Two cells are connected in series. One contains AlCl3 and the other contains AgNo3 as the electrolytes. What mass of silver is deposited when 18g of Al is deposited at cathode?
To determine the mass of silver deposited when 18g of Al is deposited at the cathode, we need to use Faraday's law of electrolysis.
1. First, let's calculate the moles of Al that is deposited at the cathode. The molar mass of Al is 27 g/mol, and we have 18g of Al, so:
moles of Al = 18g / 27 g/mol = 0.67 mol of Al
2. Since the cells are connected in series, we know that the same number of moles of Al will be deposited at the cathode as the number of moles of Ag deposited at the anode.
3. The balanced chemical equation for the reaction at the cathode is:
Al^3+ + 3e^- -> Al
4. From the balanced equation, we can see that 3 moles of electrons are required to deposit 1 mole of Al.

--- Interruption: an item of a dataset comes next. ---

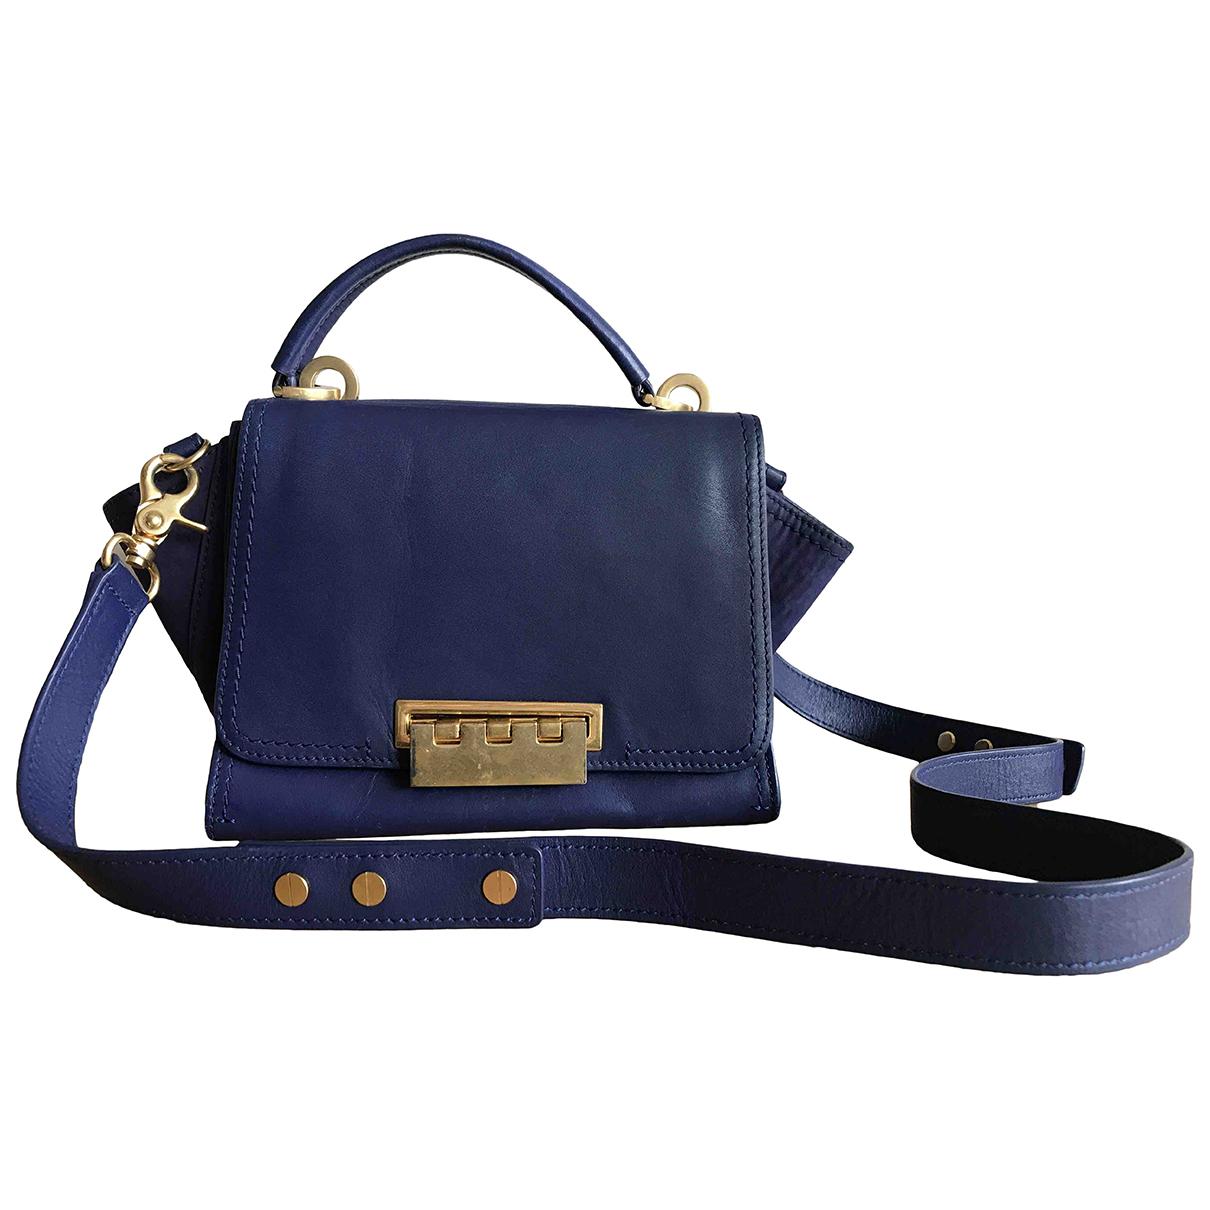 Zac Posen N Blue Leather handbag for Women N
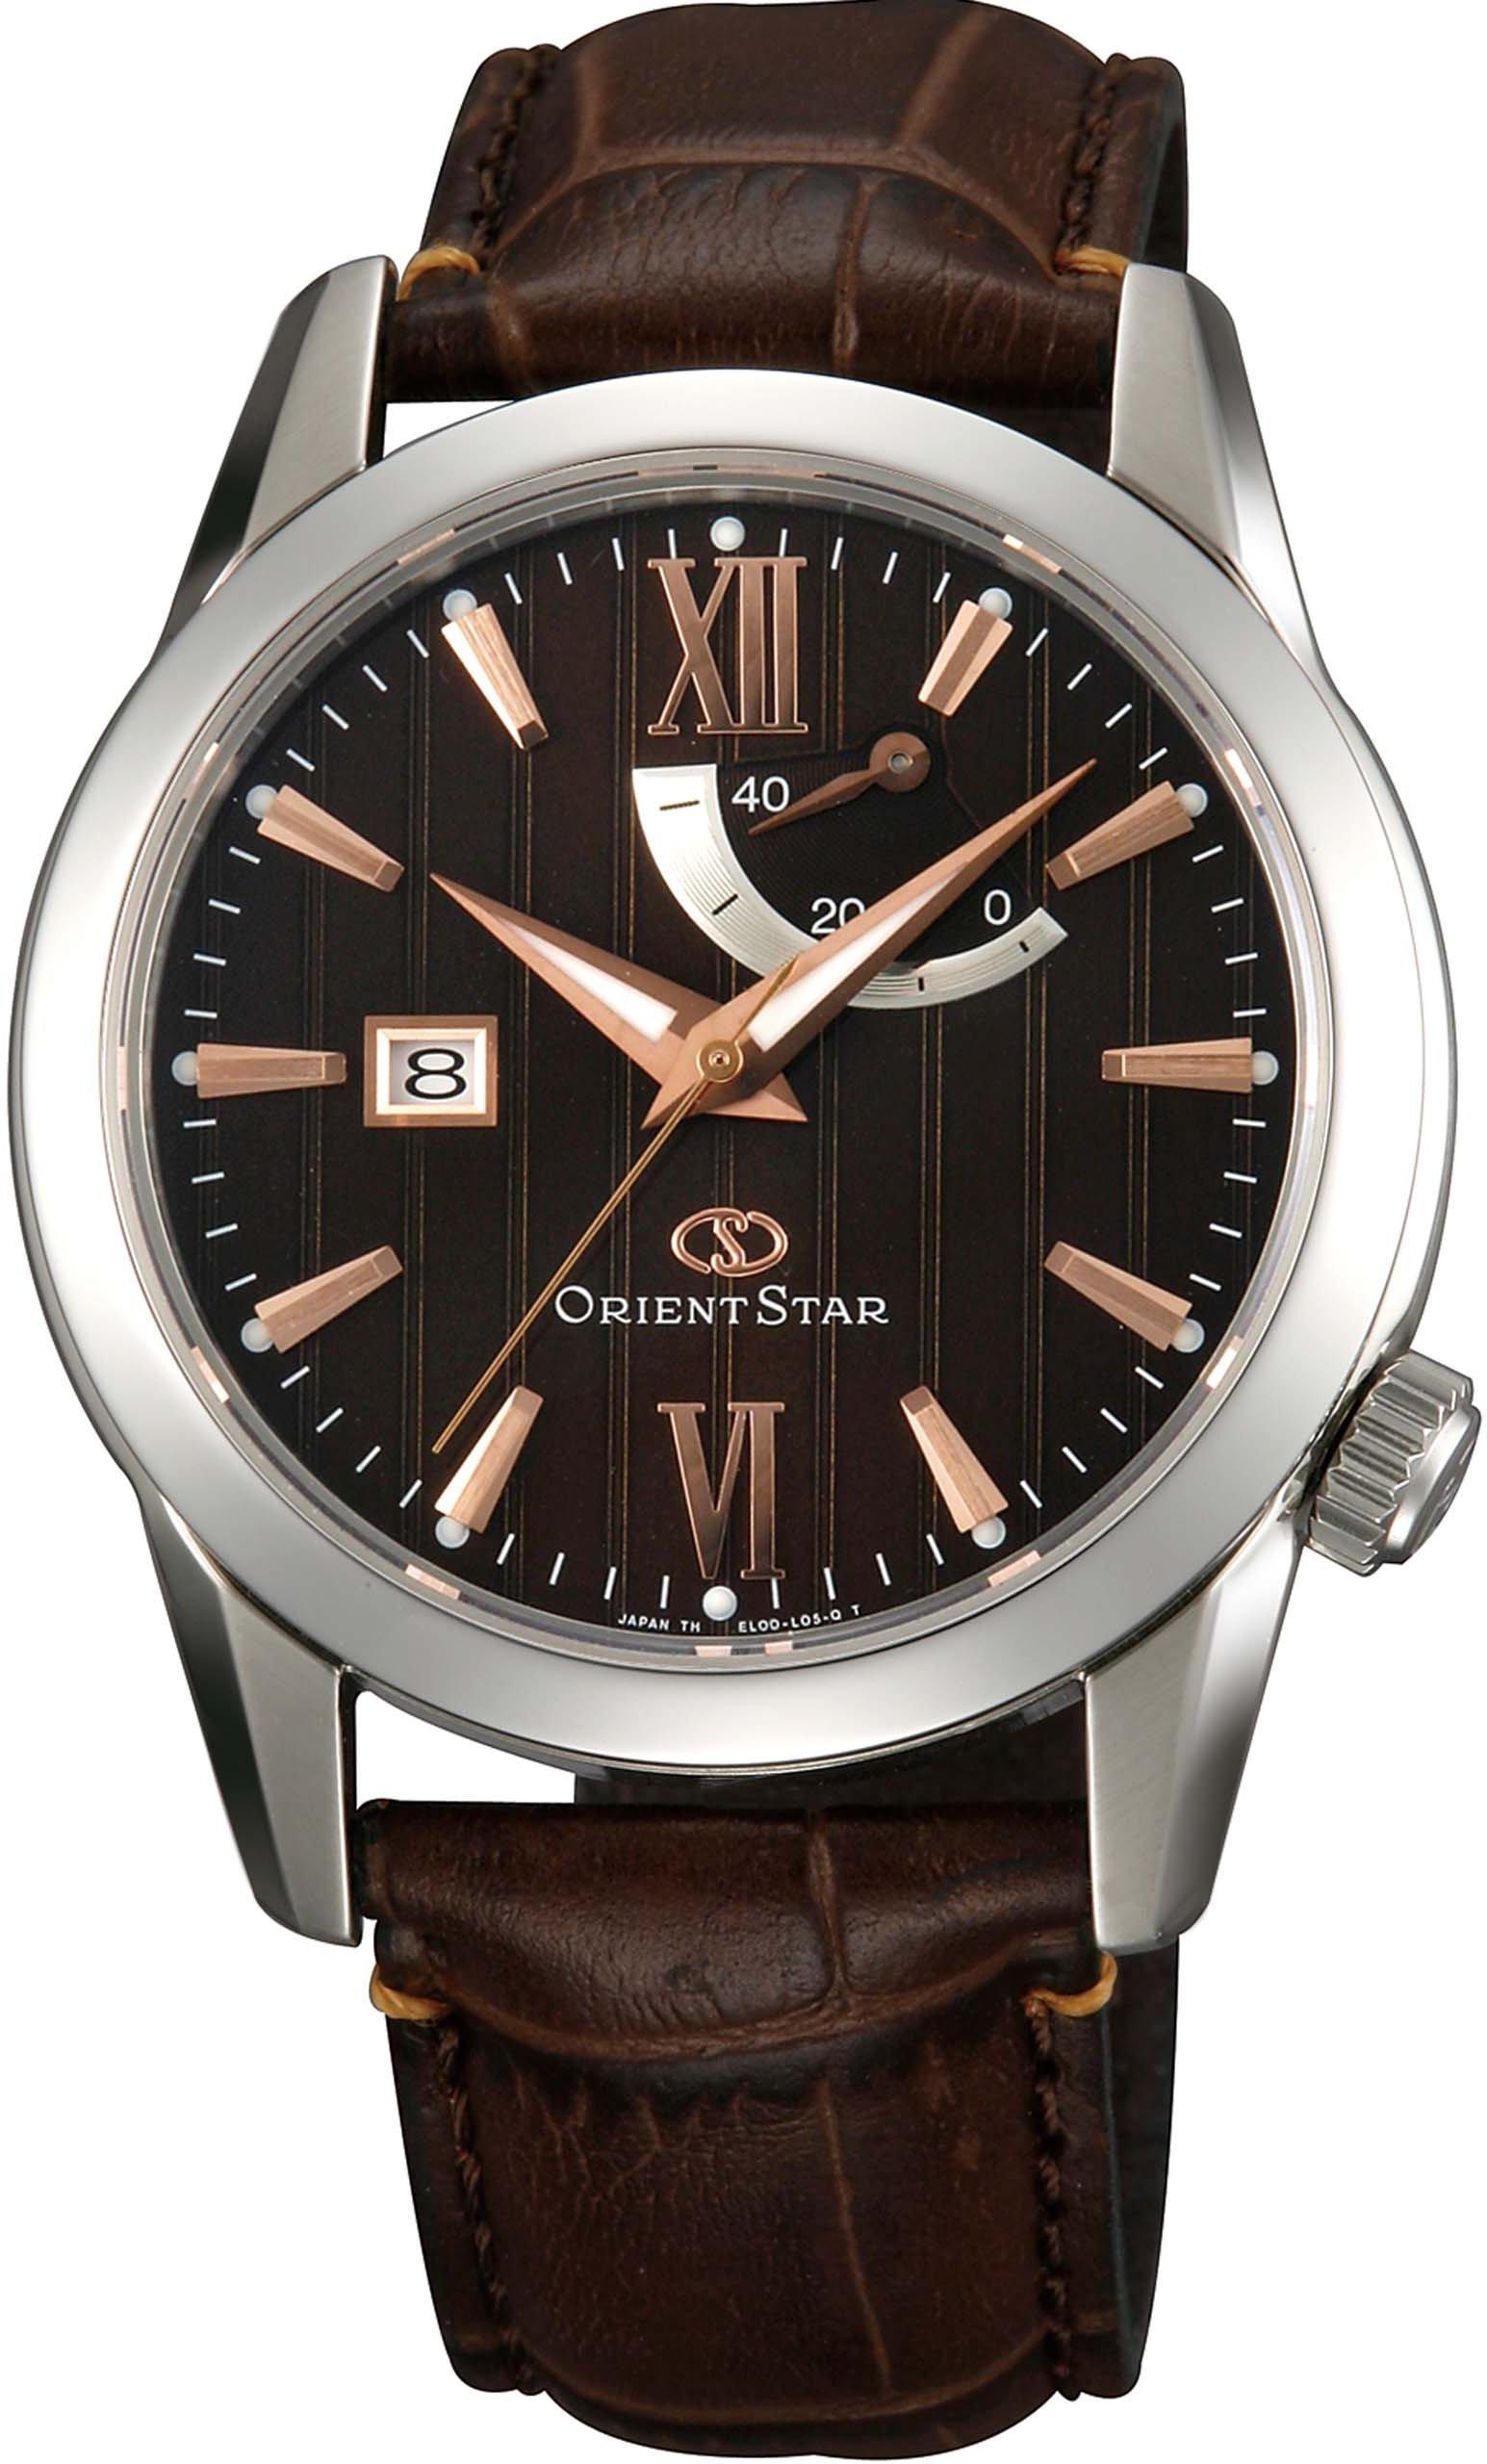 [Orient] Orient Watch Orientstar Orient Star Self-winding Power Reserve Wz0301el Men

Therefore, the number of electrons involved in the process is 0.67 mol x 3 mol e^-/1 mol Al = 2 mol of electrons.
5. Each mole of electron corresponds to a charge of 1 Faraday (F). Therefore, the total charge passed through the circuit can be calculated by multiplying the number of moles of electrons by the Faraday constant (F = 96,485 C/mol):
Total charge = 2 mol e^- x 96,485 C/mol = 192,970 C
6. According to Faraday's law, the mass of the substance deposited at the electrode can be calculated using the equation:
mass = (Total charge x molar mass of the substance) / (Faraday constant)
7. The molar mass of silver (Ag) is 107.87 g/mol. Plugging the values into the equation, we get:
mass of Ag = (192,970 C x 107.87 g/mol) / 96,485 C/mol = 214.85 g of Ag
Therefore, the mass of silver deposited when 18g of Al is deposited at the cathode is approximately 214.85 grams.